Volume 8 Supplement 1

14th Scientific Symposium of the Austrian Pharmacological Society (APHAR)

Open Access

Second hit influences the interaction between tumor cells and the immune system in a murine model of Burkitt's lymphoma

  • Christian Schuster1,
  • Anna Frenzel2,
  • Andrea Hölbl1,
  • Olivia Simma1,
  • Mathias Müller3,
  • Andreas Villunger2,
  • Veronika Sexl1 and
  • Dagmar Stoiber1, 4Email author
BMC Pharmacology20088(Suppl 1):A21

https://doi.org/10.1186/1471-2210-8-S1-A21

Published: 5 November 2008

The process of cancerogenesis is driven by the hierarchical accumulation of genetic changes. So, beside the deregulated expression of an oncogen, additional genetic defects have to take place in order to transform a normal cell into a tumor cell. In case of Burkitt's lymphoma, a c-myc-driven haematological tumor, two predominant so called 2nd hits have been identified. First, loss-of-function mutations in the p19-Mdm2-p53 tumor suppressor pathway, and second, the over-expression of the anti-apoptotic protein Bcl-2. So far it is not known whether these two different 2nd hits translate into cell-autonomous effects or the ability of the immune system of recognizing and destroying the tumor cells. Our studies revealed that neither over-expression of Bcl-2 nor loss-of-function mutations in the p19-Mdm2-p53 tumor suppressor pathway alters any analysed cell-autonomous effect significantly.
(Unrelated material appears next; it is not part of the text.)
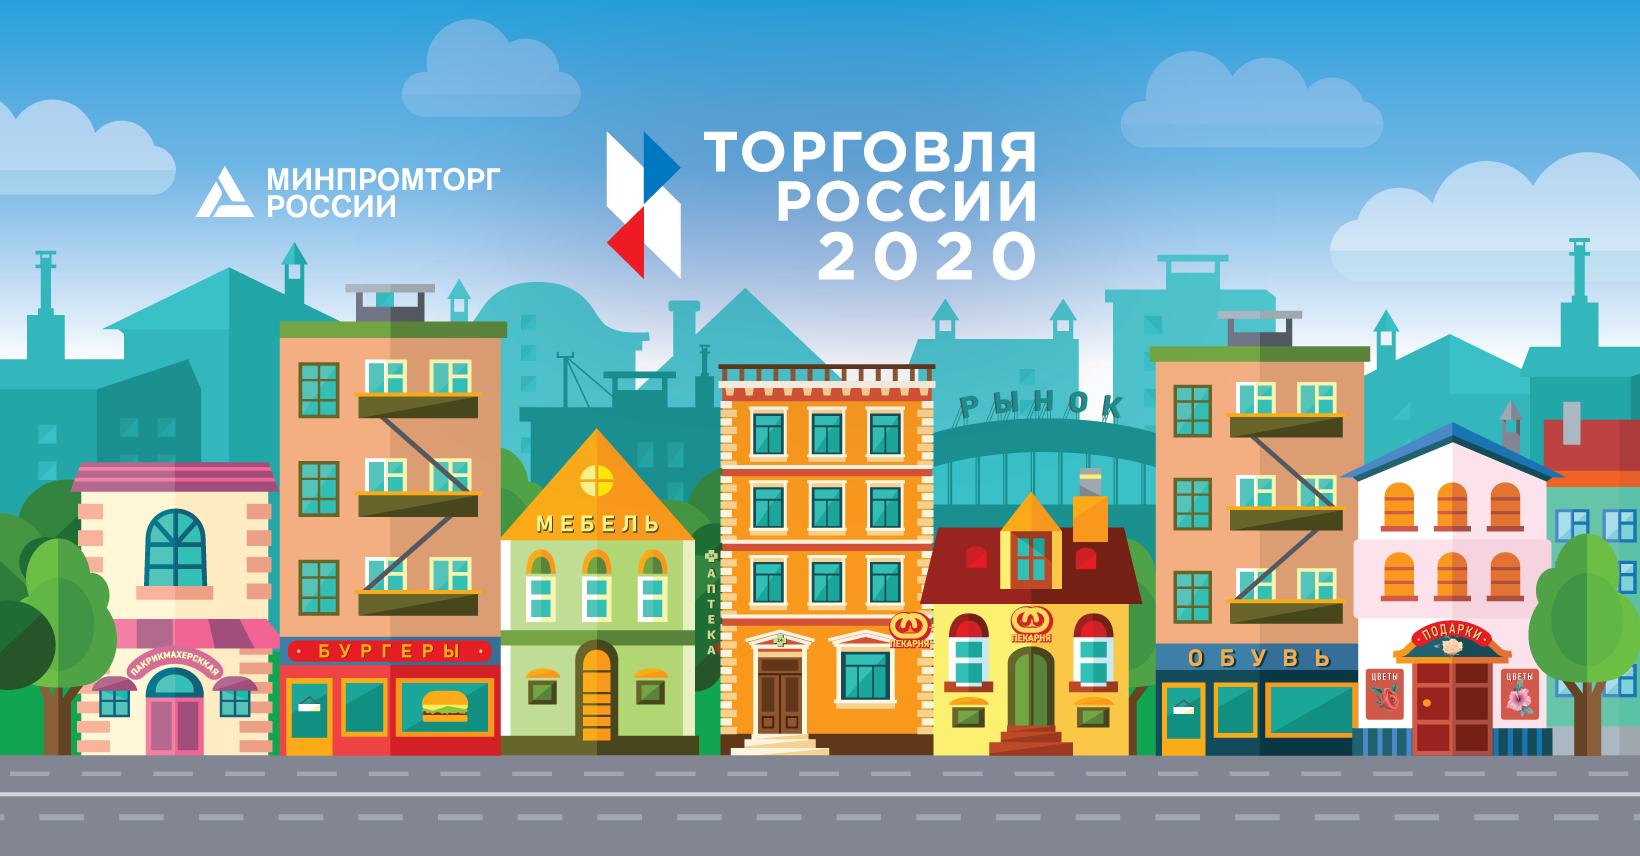 Срок подачи заявок на участие в ежегодном конкурсе «Торговля России 2020» продлен до 1 сентября 2020 года.

However, we could specify an impact of these additional genetic lesions on the interaction between immune system and tumor cells. We were able to show that tumor cells over-expressing Bcl-2 can be eliminated by the immune system more effectively than ones with p19-Mdm2-p53 tumor suppressor pathway malfunctions. These data are in line with the analysis regarding 2nd hits of primary tumor samples obtained form an animal model of Burkitt's lymphoma. This analysis showed a clear survival advantage of mice suffering from tumors over-expressing Bcl-2. Taken together, our studies provide basic knowledge concerning the influence of the 2nd hit on the interaction between immune system and tumor cells, which might have prognostic value for immune based cancer therapies.

Authors’ Affiliations

(1)
Department of Pharmacology, Medical University of Vienna
(2)
Division of Developmental Immunology, Medical University of Innsbruck
(3)
Institute of Animal Breeding and Genetics, Veterinary University of Vienna, and Austrian Center for Biomodels and Transgenetics (ÖZBT VUW)
(4)
Ludwig Boltzmann Institute for Cancer Research

Copyright

© Schuster et al; licensee BioMed Central Ltd. 2008

This article is published under license to BioMed Central Ltd.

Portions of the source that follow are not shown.